Abrdn European Logistics Income (ASLI) will pay out a further £53.5m to shareholders in the third distribution from its wind-down next month. This will be made through the issuance and immediate redemption of ‘B’-shares on 17 September. The payment is equivalent to 13p per ordinary share and follows the completion of recent asset sales. Following earlier ‘B’-share distributions of 4p and 12p per share in March and this month, the company will have paid out a total of 29p per share or £119.5m.
Warehouse REIT (WHR) has moved back the date of its annual general meeting from 2 September to 30 September to give shareholders time to consider the recommended cash offer from Blackstone. It will be held at the London offices of its fund manager Tilstone Partners. Blackstone has received acceptances from 35.6% of shareholders.

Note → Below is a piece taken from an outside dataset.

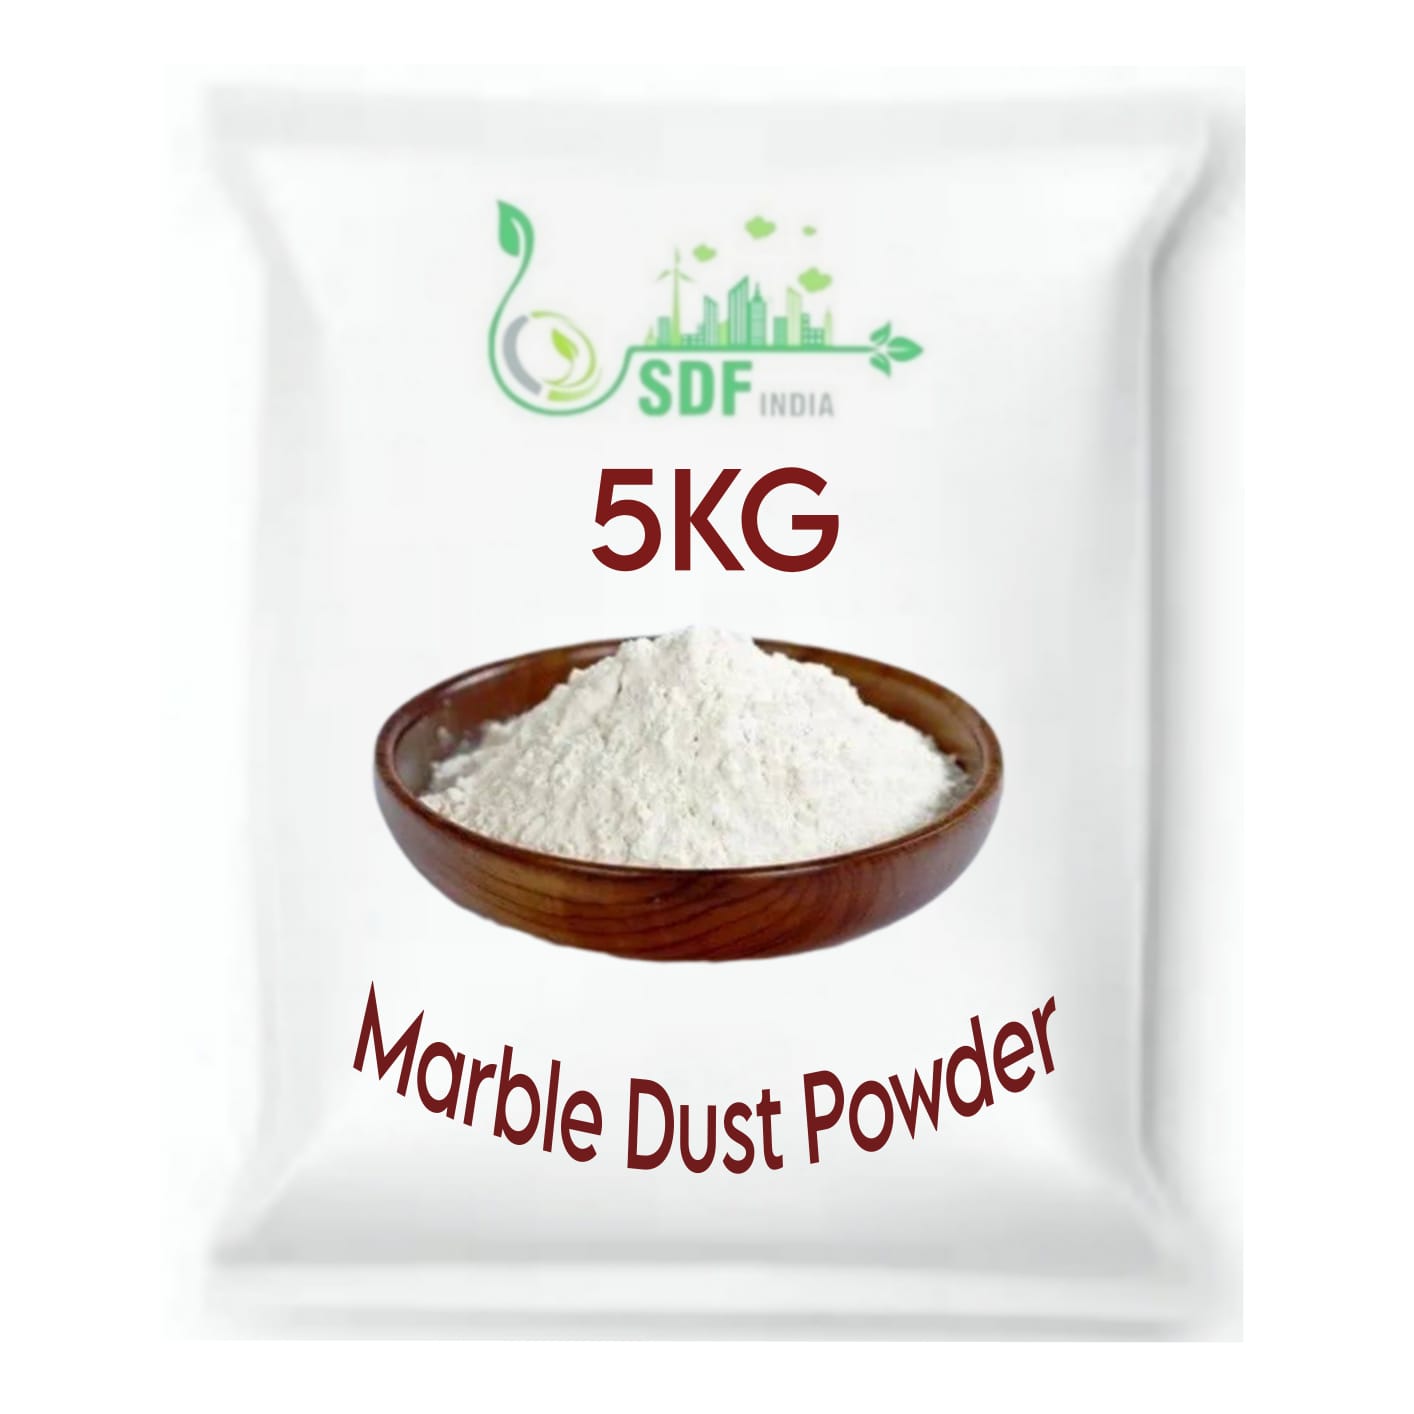 SDF INDIA Marble dust, White Marble Powder for Mural Art, Relief Painting, Raised Art, Persian Art, DIY, Gift for Artists, Students, Children & for All Arts (5KG)

CVC Income & Growth (CVCG), a £186m floating rate loan fund, returned 0.6% last month with net asset value per share at 194.8p on 31 July. Fund managers Pieter Staelens and Mitch Glynn said European leveraged loan markets had been resilient and they had been “fairly active” with trades including cross-currency opportunities to take advantage of pricing differences between dollar and euro loans from the same issuer. The weighted market average price of loans in the portfolio was 93 versus their 100 maturity price, trading at a sterling yield to maturity of 13.5%. The shares yield 7.4% and stand on a small premium of 0.5% over NAV.
Tetragon (TFG) says the net asset value of its $3.5bn hedge fund and alternative asset platform slipped 0.6% last month with fully diluted NAV per share of $38.41 at 31 July. At $17.80 shares in the 2.6% dividend yielder stand on a 58% discount.